What better way to learn all about GDPR than attending workshops and panel debates? We’ve just chaired a GDPR talk in London and here’s a summary of the day.
What is GDPR exactly? (I’m aware of it but always struggle to articulate it properly)
The General Data Protection Regulation (GDPR) will come into effect on 25th May 2018. This new data regulation constitutes the biggest change to the data protection regime in the EU since the 1995 Data Protection Directive. It will change how organisations collect, arrange, store, use and share data. The video from this article tells you a lot more.
How will collecting, processing and using data change the way I work?
You’ll need a new mindset and a more informed approach towards data management. In a nutshell, the key will be:
– Choose quality over quantity
– Adopt minimisation approaches
– Ensure transparency
– Put your customers first: gain a truer view of what they want, create a great experience for them
– Do what is right
What does GDPR mean for the events industry in particular?
The events industry uses so many different data collection tools to gather and analyse information on attendees that the amount of data accumulated is growing at an exponential rate. This new European legislation brings in many fundamental changes to how exhibitors and event organisers collect, store and utilise event data.

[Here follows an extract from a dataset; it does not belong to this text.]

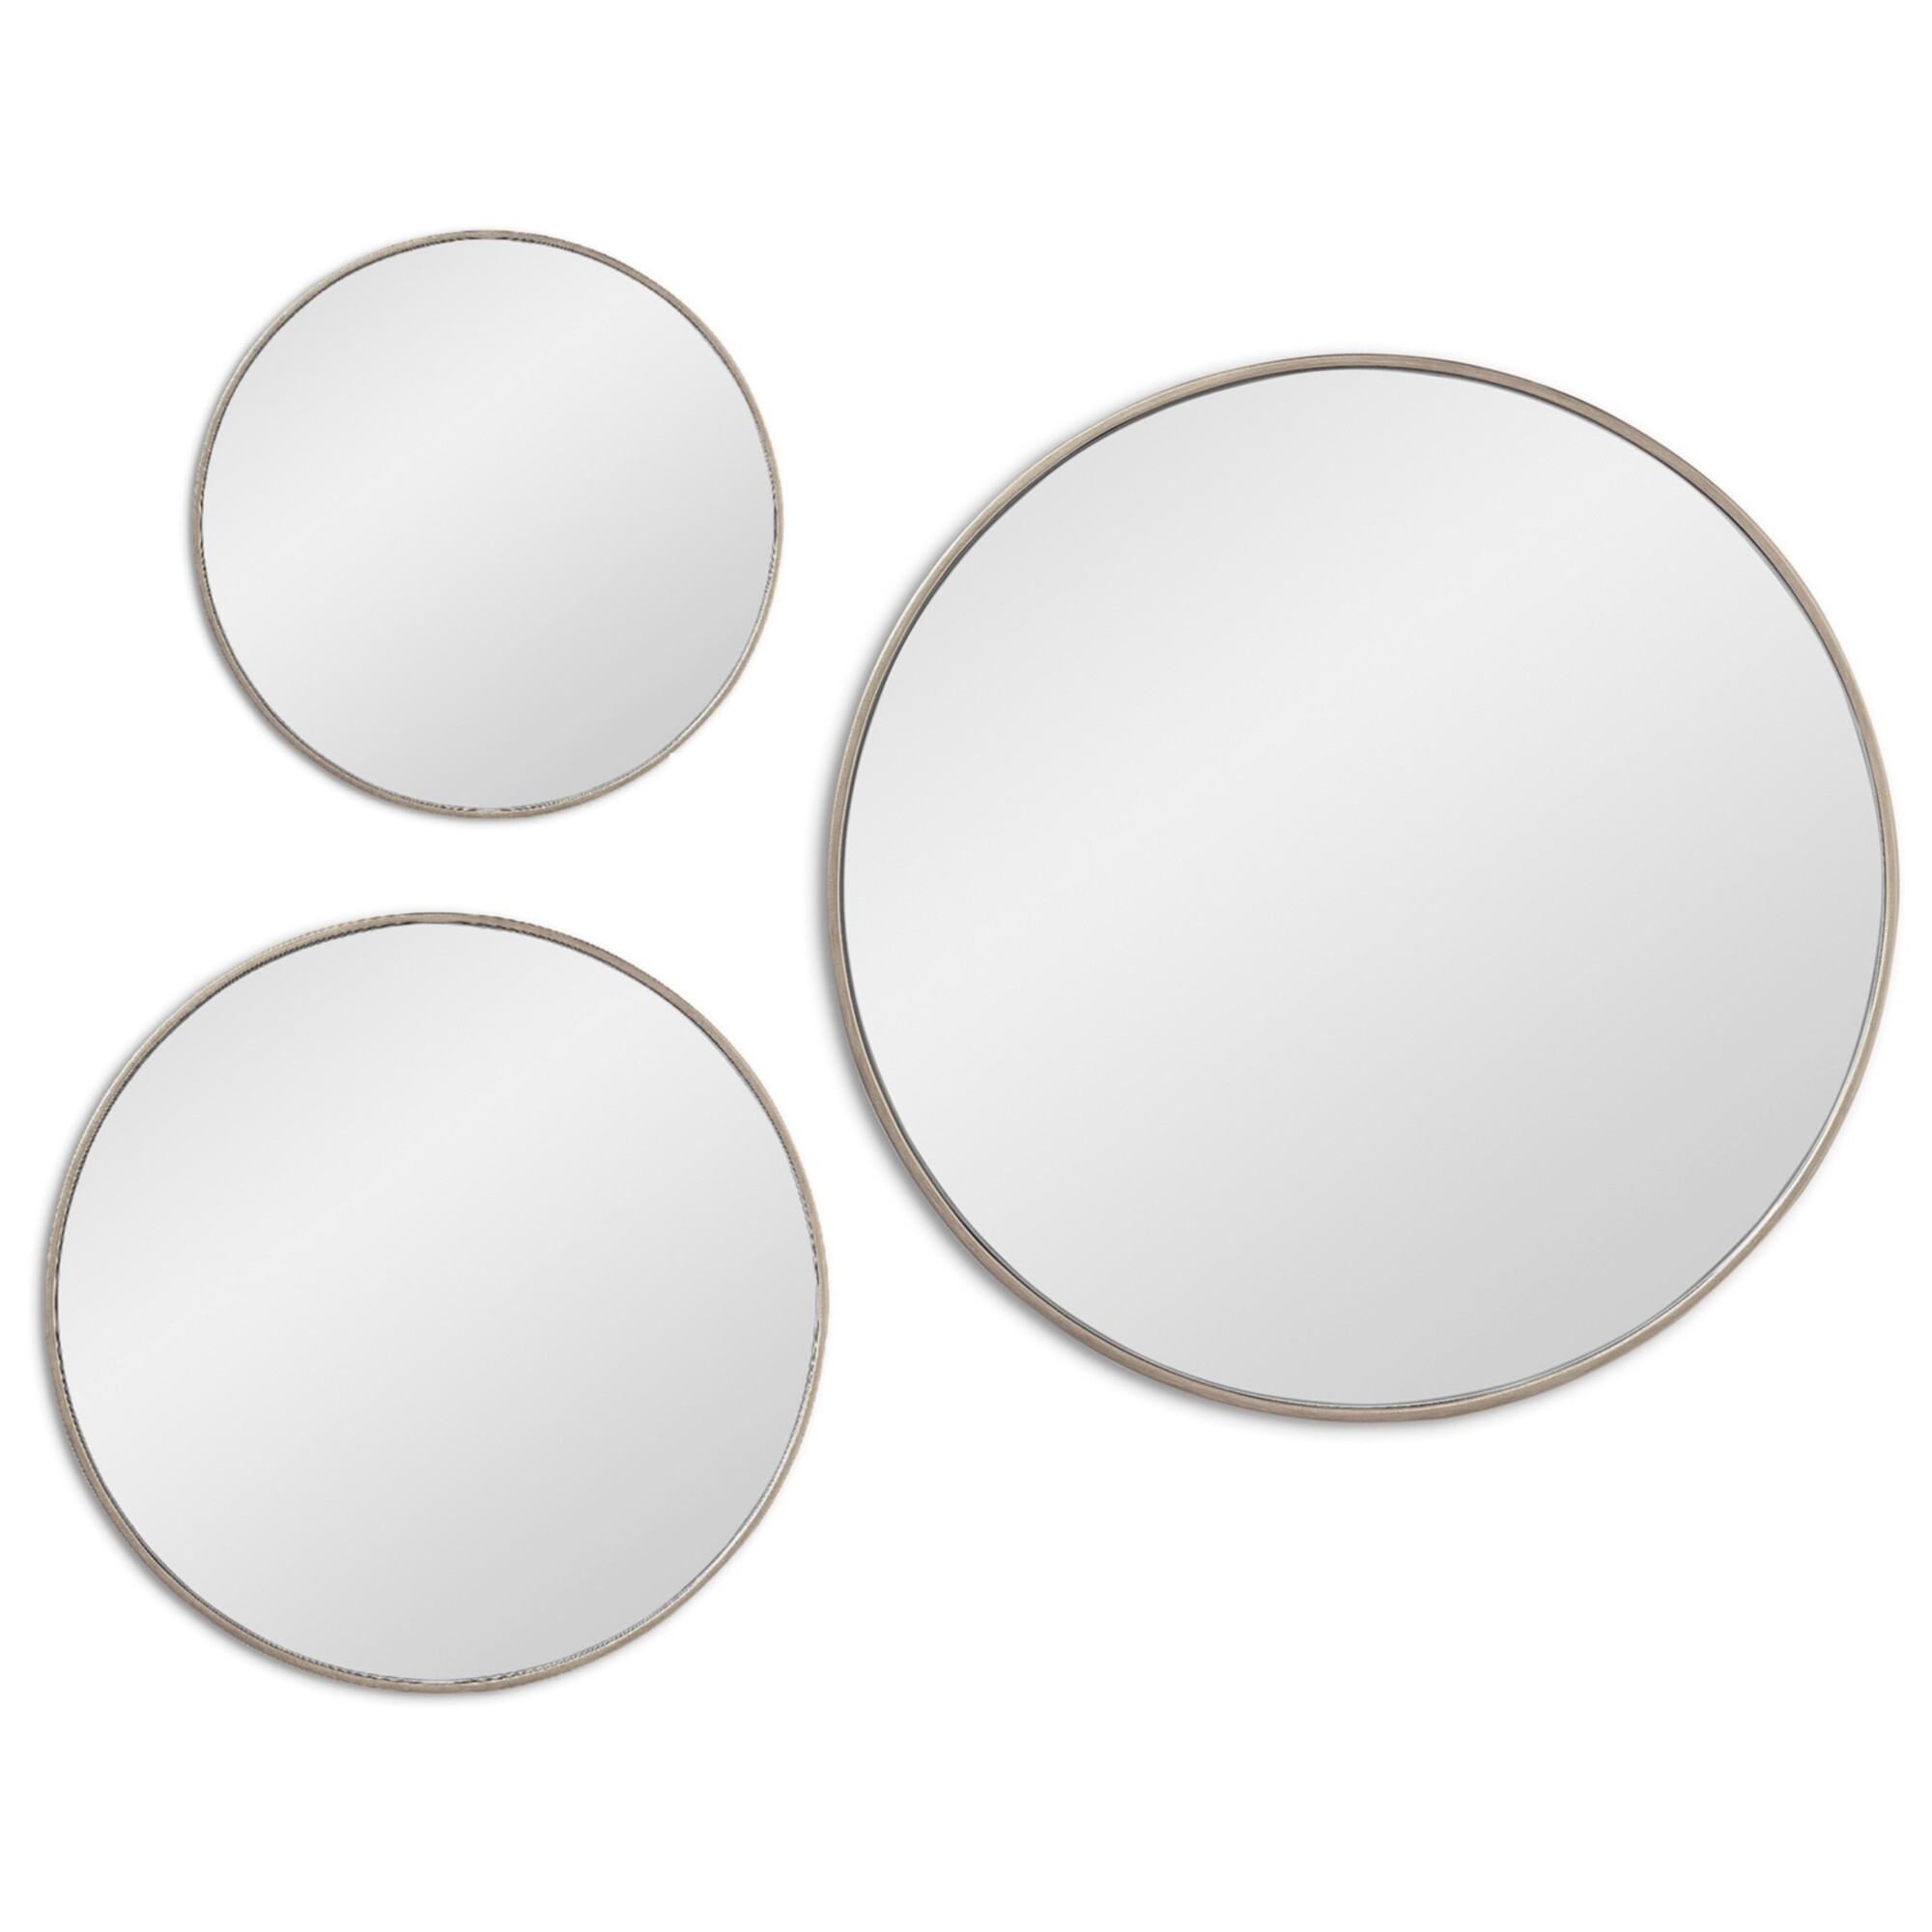 Зеркала настенные круглые в тонкой раме 3 шт серебро Saturn Silver

The new regulations require the industry to maintain records of the personal data held, where it came from and who they share it with. Current regulations require event organisers and exhibitors to give out certain information when collecting personal data, such as how they intend to use this information, yet the new regulations bring with them a much larger list of requirements.
GDPR also means the events industry must explain their lawful basis for processing the data and divulge how long they plan to keep the data. This will require a privacy statement and retention policy.
What can I do today to implement GDPR in my firm?
Here are 7 actionable steps to GDPR:
1. Organise an internal meeting and form a focus group
2. Create awareness
3. Conduct gap analysis
4. Build a business case and roadmap
5. Start executing your plan and implementing change
6. Test, test, and test again
7. Embed privacy into the culture
How much do I need to invest to become GDPR compliant?
Taking steps to become GDPR compliant can be expensive, especially when training staff to ensure they follow protocol and changing old legacy systems. We see a lot of negativity around this at the moment, which doesn’t help. But what about the incredibly positive effects it can have at every level of your organisation?
For forward-thinking companies, GDPR could be the driver of positive change – a unique chance to break down barriers in organisations that operate in silos. To be fully compliant there must be one single view of the customer in a central location and the organisation must all be speaking in the same terms. This is in fact the foundation needed for efficiency and innovation.
What if my organisation fails to become GDPR compliant?
Any organisation collecting and processing data on European citizens falls under the new regulation. Event companies which have any kind of touchpoint with EU citizens will need to adhere to the GDPR.
Organisations not able to show they are complying with GDPR principles face large fines of up to €20m or 4% of annual worldwide turnover.
Will GDPR still be around after Brexit?
Definitely. Even post-Brexit, UK businesses offering services to EU citizens – regardless of whether they hold any data in the EU – will have to adopt more stringent rules than the ones currently imposed by the UK Data Protection Act.
GDPR sounds very challenging. How can I turn it into an opportunity?
The changes needed to modernise your organisation (and the wider industry) and achieve the single view of the customer may seem like a huge undertaking – but disruption in the technology world is often positive and GDPR should be viewed in this light.
A great example of this is from accommodation company Airbnb. By taking major steps (procedurally and financially) to secure their customers’ private data, the brand power gained was immeasurable.
Finally, can I really drive innovation with GDPR?
You certainly can. Trust is key to business growth. Reviewing and investing in data management policies will not only protect your data, but the transparency you provide to your customers will ensure that they feel comfortable handing over their data to you.
GDPR will require you to have a more concise and clearer view of the data you have and what it has been used for. This gives you an opportunity to not only create content that is relevant to your target audience, but also create more beneficial products and services for your customers.
At Acrotrend we believe in the three T’s – trust, transparency and targeted. Ensure your customer trusts what you do with your data, by creating transparent processes that reach targeted customers and safeguard your data is cleaner than ever.